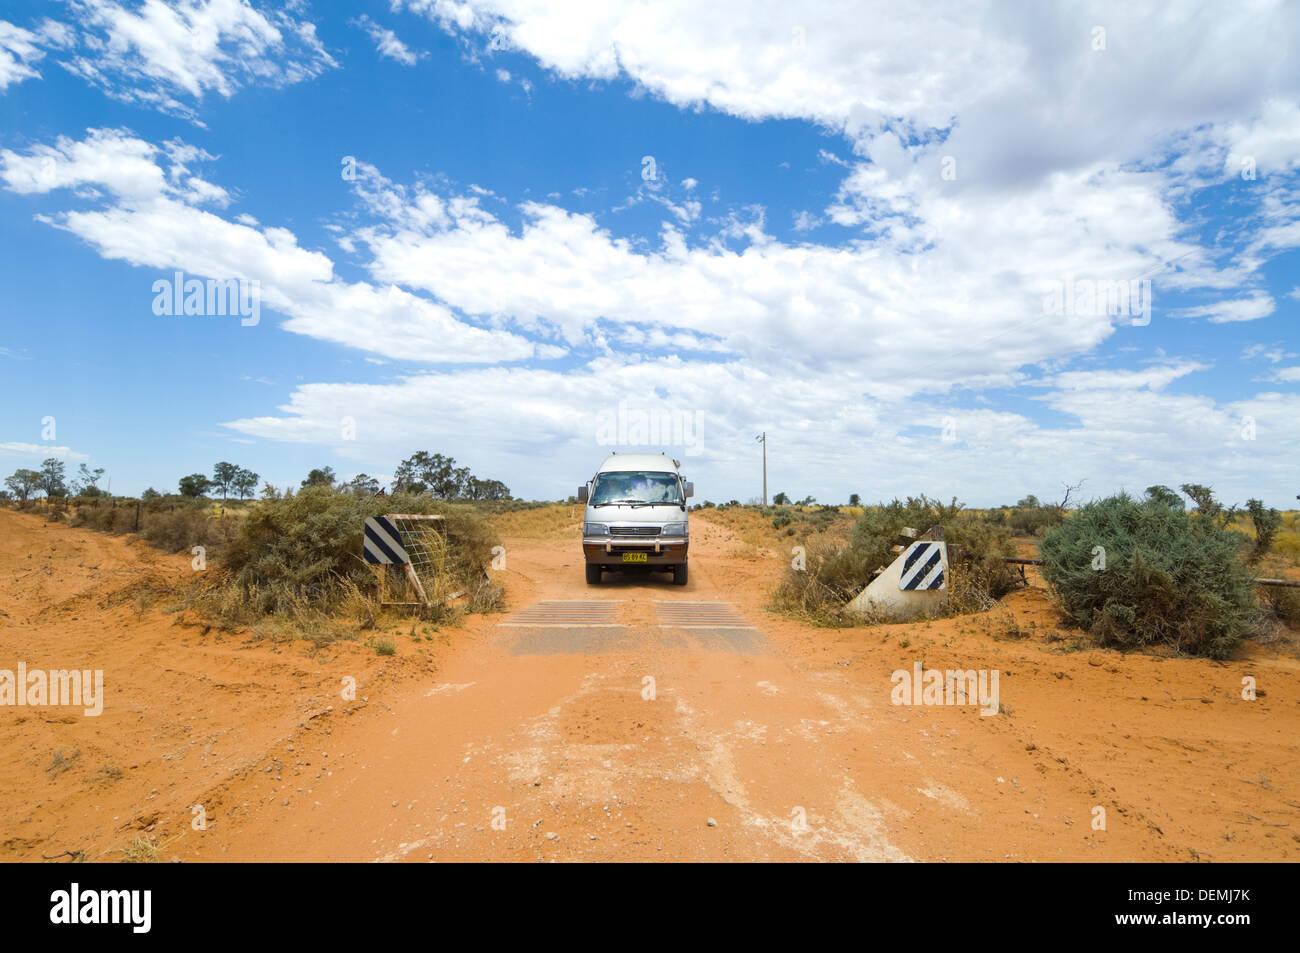 Aller sur une grille de bétail sur un chemin de terre dans une Toyota Hiace campervan, Mungo National Park, New South Wales, Australie Banque D'Images
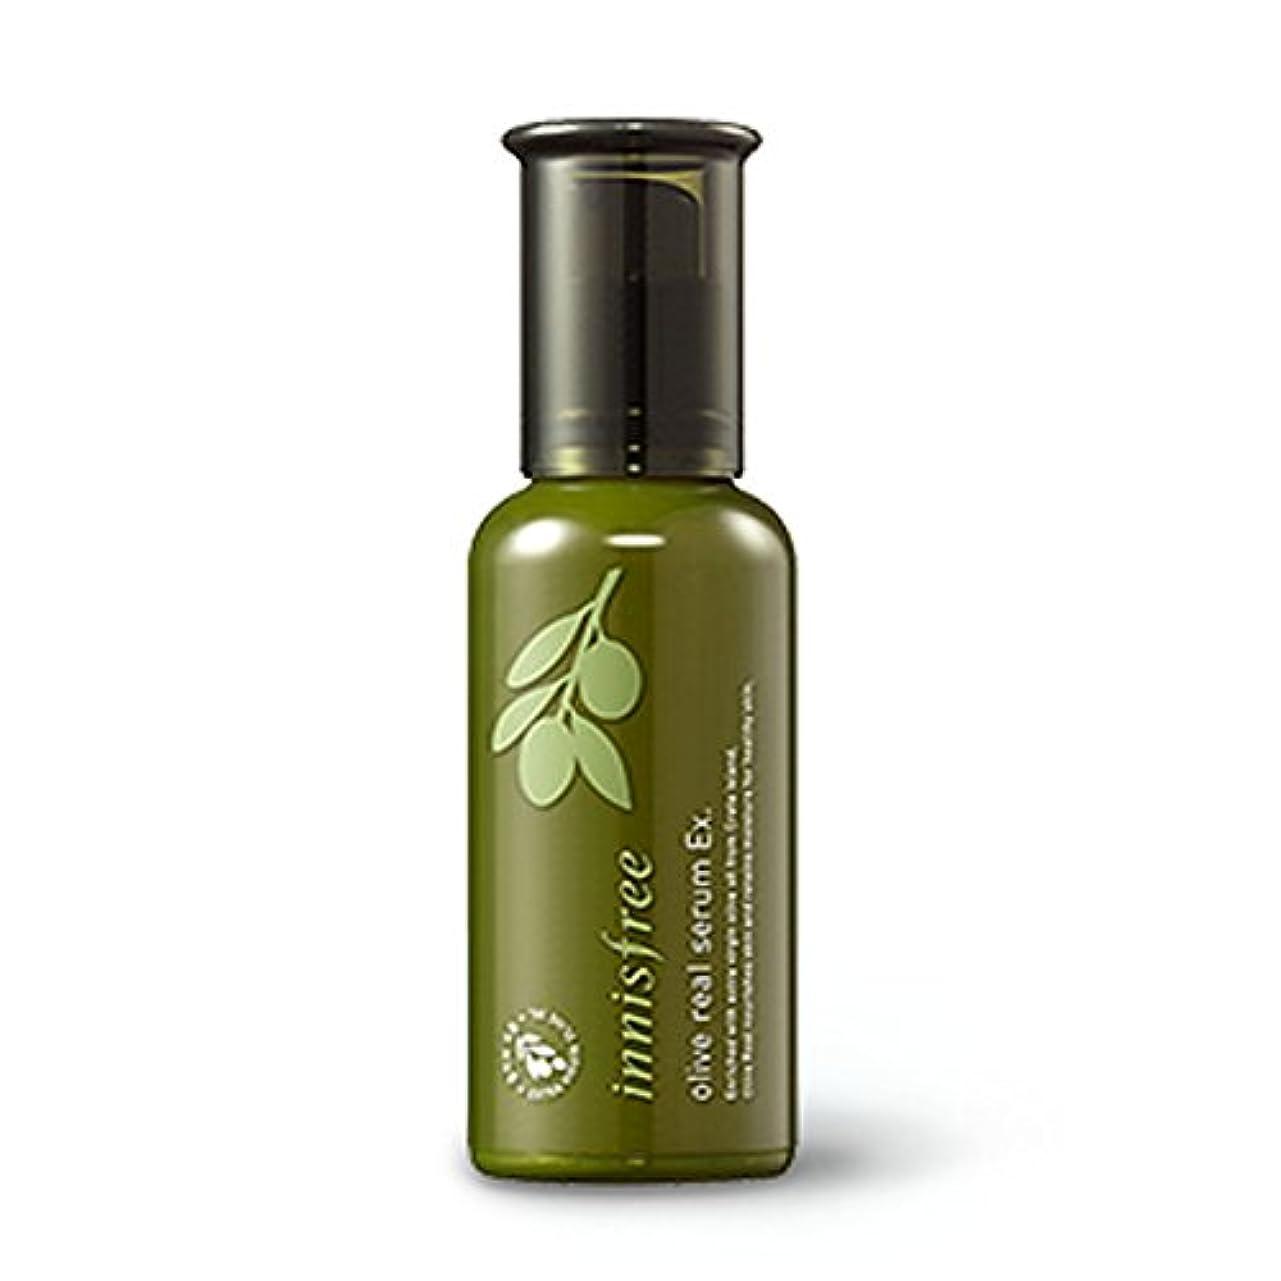 シネマレディしっかりイニスフリーオリーブリアルセラム 50ml / Innisfree Olive Real Serum Ex. 50ml[海外直送品][並行輸入品]
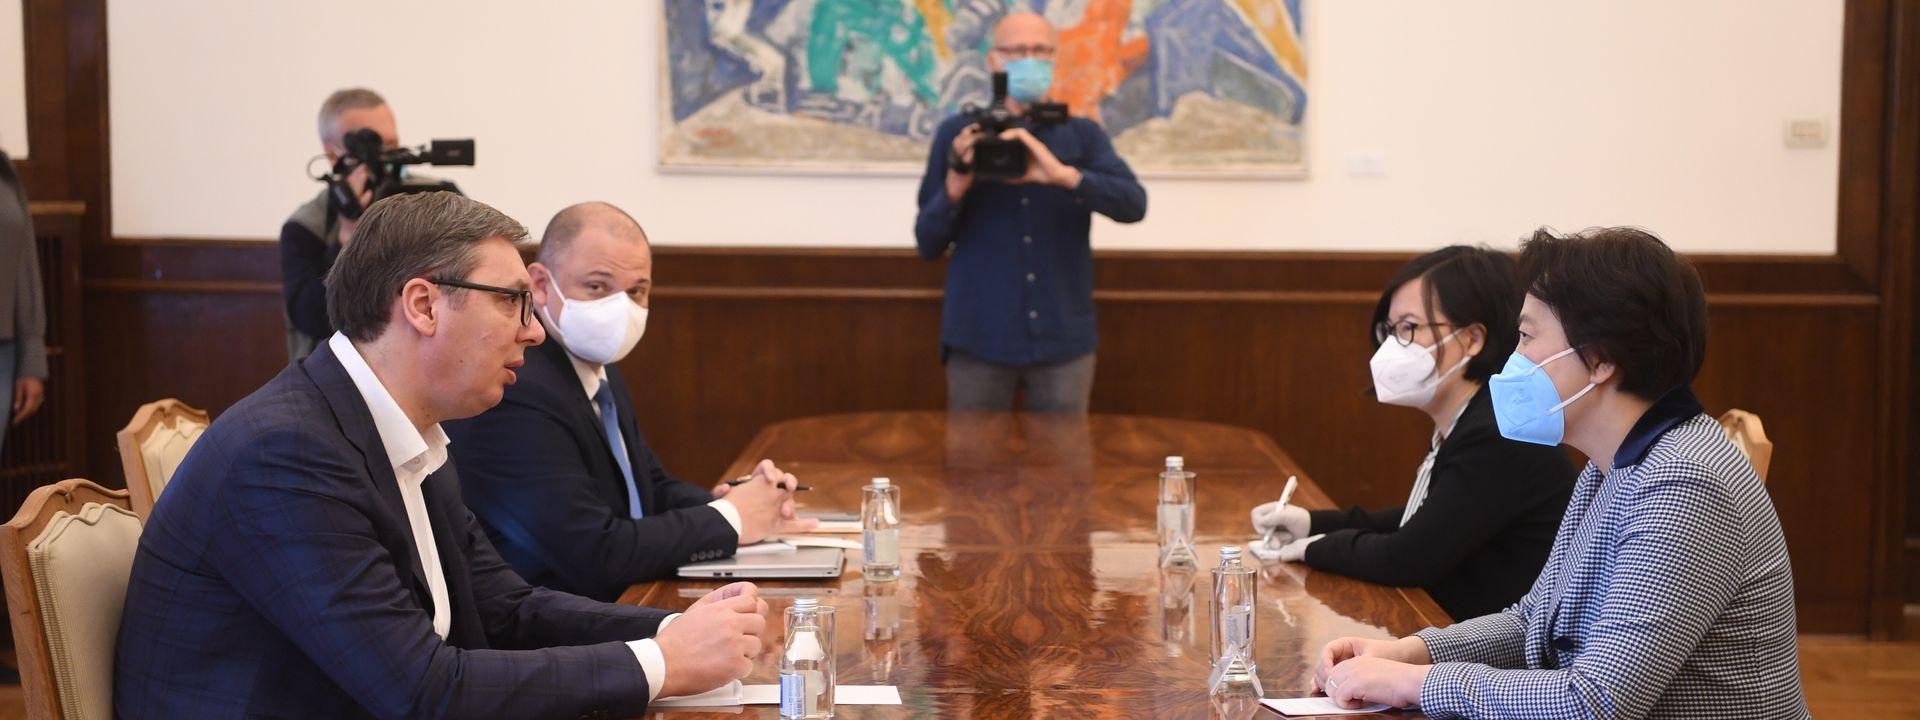 Сарадња Србије и Кине наставиће се још интензивнијим темпом

========================================

→ **Problem to work on**:
The answer is the whole listing retyped exactly, with pictures omitted.

→ **Response to the task**:
 Aller sur une grille de bétail sur un chemin de terre dans une Toyota Hiace campervan, Mungo National Park, New South Wales, Australie Banque D'Images
 シネマレディしっかりイニスフリーオリーブリアルセラム 50ml / Innisfree Olive Real Serum Ex. 50ml[海外直送品][並行輸入品]
 Сарадња Србије и Кине наставиће се још интензивнијим темпом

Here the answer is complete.